From the moment we start with $250$ liters, each minute you add $9$ liters and you drain $5$ liters, for a net total addition of $4$ liters per minute. So at time $t$, the total amount of liquid in the tank is $250+4t$. So the concentration of salt at time $t$ is $$\frac{S(t)}{250+4t}\ \frac{\text{grams}}{\text{liter}}.$$
Since we are draining five liters at this concentration, we have that $$\text{rate out} = \left(5\ \frac{\text{liters}}{\text{minute}}\right)\left(\frac{S(t)}{250+4t}\ \frac{\text{grams}}{\text{liter}}\right) = \frac{5S(t)}{250+4t}\ \frac{\text{grams}}{\text{minute}}.$$
So the differential equation we need to solve is: $$\frac{dS}{dt} = 27 - \frac{5S}{250+4t}.$$
Writing this in the standard form, we have $$S' + \frac{5}{250+4t}S = 27.$$ We need an integrating factor. Letting $\mu(t)$ stand for this factor, multiplying through we have $$\mu(t)S' + \frac{5\mu(t)}{250+4t}S = 27\mu(t)$$ and we want to realize the left hand side as the derivative of a product; that is, we want $$\mu'(t) = \frac{5\mu(t)}{250+4t}.$$ Separating variables we have $$\begin{align*} \frac{\mu'(t)}{\mu(t)} &= \frac{5}{250+4t}\\ \int\frac{d\mu}{\mu} &= \int \frac{5\,dt}{250+4t}\\ \ln|\mu| &= \frac{5}{4}\ln|250+4t| + C\\ \mu(t) &= A(250+4t)^{5/4} \end{align*}$$ Picking $A=1$, we can take $\mu(t) = (250+4t)^{5/4}$. (Another error in your computation).
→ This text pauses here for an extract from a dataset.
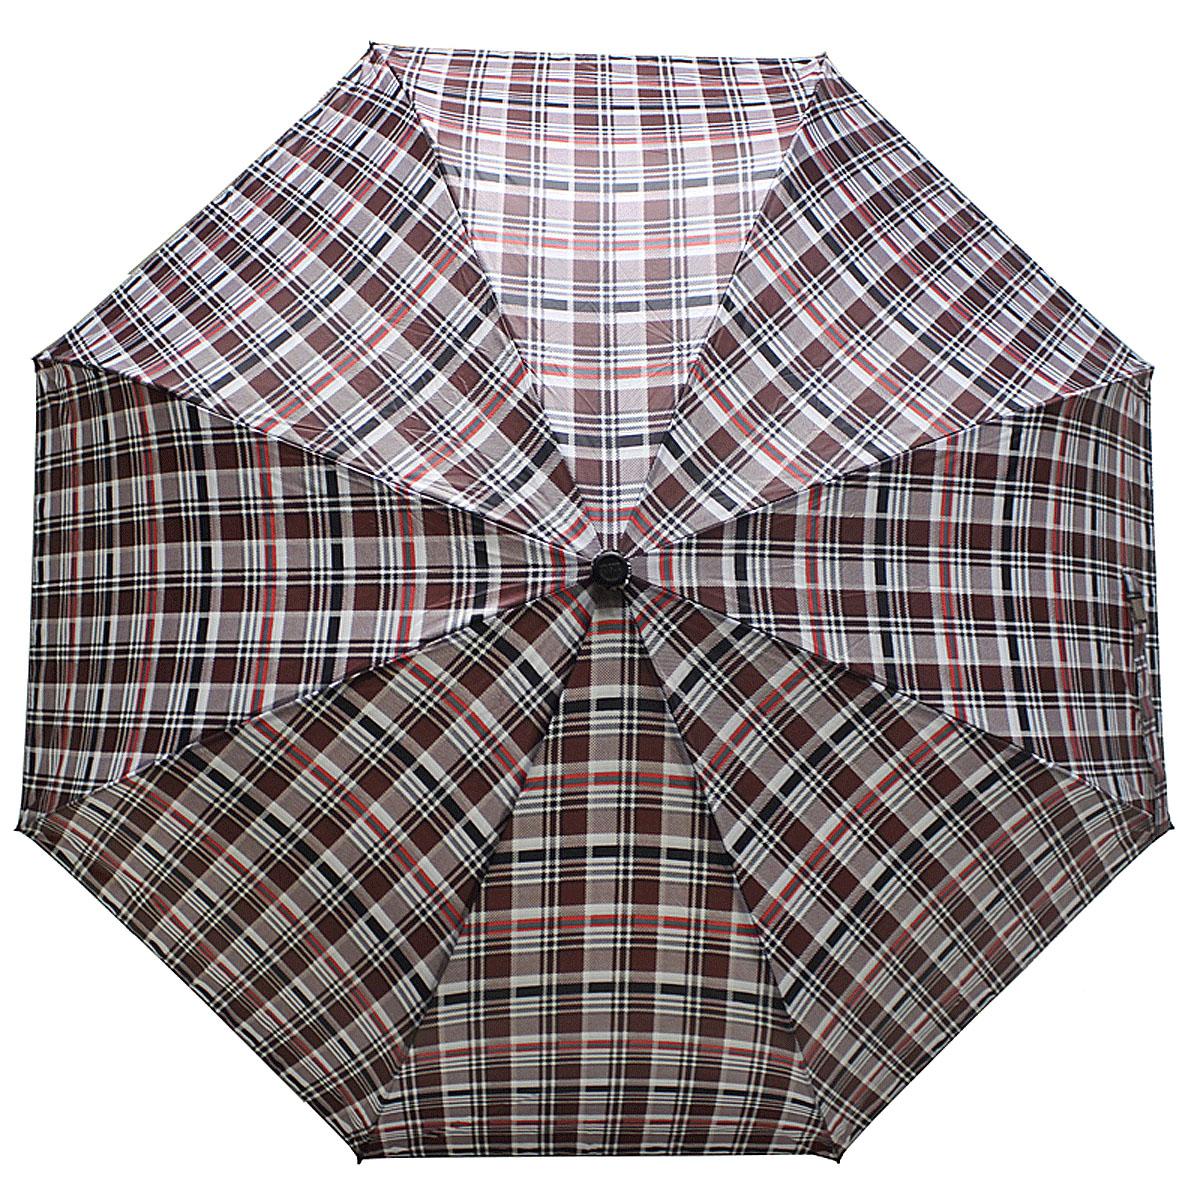 Зонт женский Vogue, цвет: бордовый. 448V-1448V-1Стильный зонт испанского производителя Vogue оснащен каркасом с противоветровым эффектом. Каркас зонта включает 8 спиц. Стержень изготовлен из стали, купол выполнен из прочного полиэстера. Зонт является механическим: купол открывается и закрывается вручную до характерного щелчка. Такой зонт не только надежно защитит вас от дождя, но и станет стильным аксессуаром, который идеально подчеркнет ваш неповторимый образ. Рекомендации по использованию: Мокрый зонт нельзя оставлять сложенным. Зонт после использования рекомендуется сушить в полураскрытом виде вдали от нагревательных приборов. Чистить зонт рекомендуется губкой, используя мягкие нещелочные растворы.

That is, we have: $$(250+4t)^{5/4}S' + \frac{5(250+4t)^{5/4}}{250+4t}S = 27(250+4t)^{5/4}$$ or $$(250+4t)^{5/4}S' + 5(250+4t)^{1/4}S = 27(250+4t)^{5/4}$$ which can be written as $$\Bigl( (250+4t)^{5/4}S\Bigr)' = 27(250+4t)^{5/4}.$$
You might benefit from writing out the derivations very carefully (as I did above) rather than trying to rely on formulas (I assume that's how you tried to obtain your integrating factor $I$, which was mistakenly computed).
Can you take it from here? Careful with the integral on the right hand side.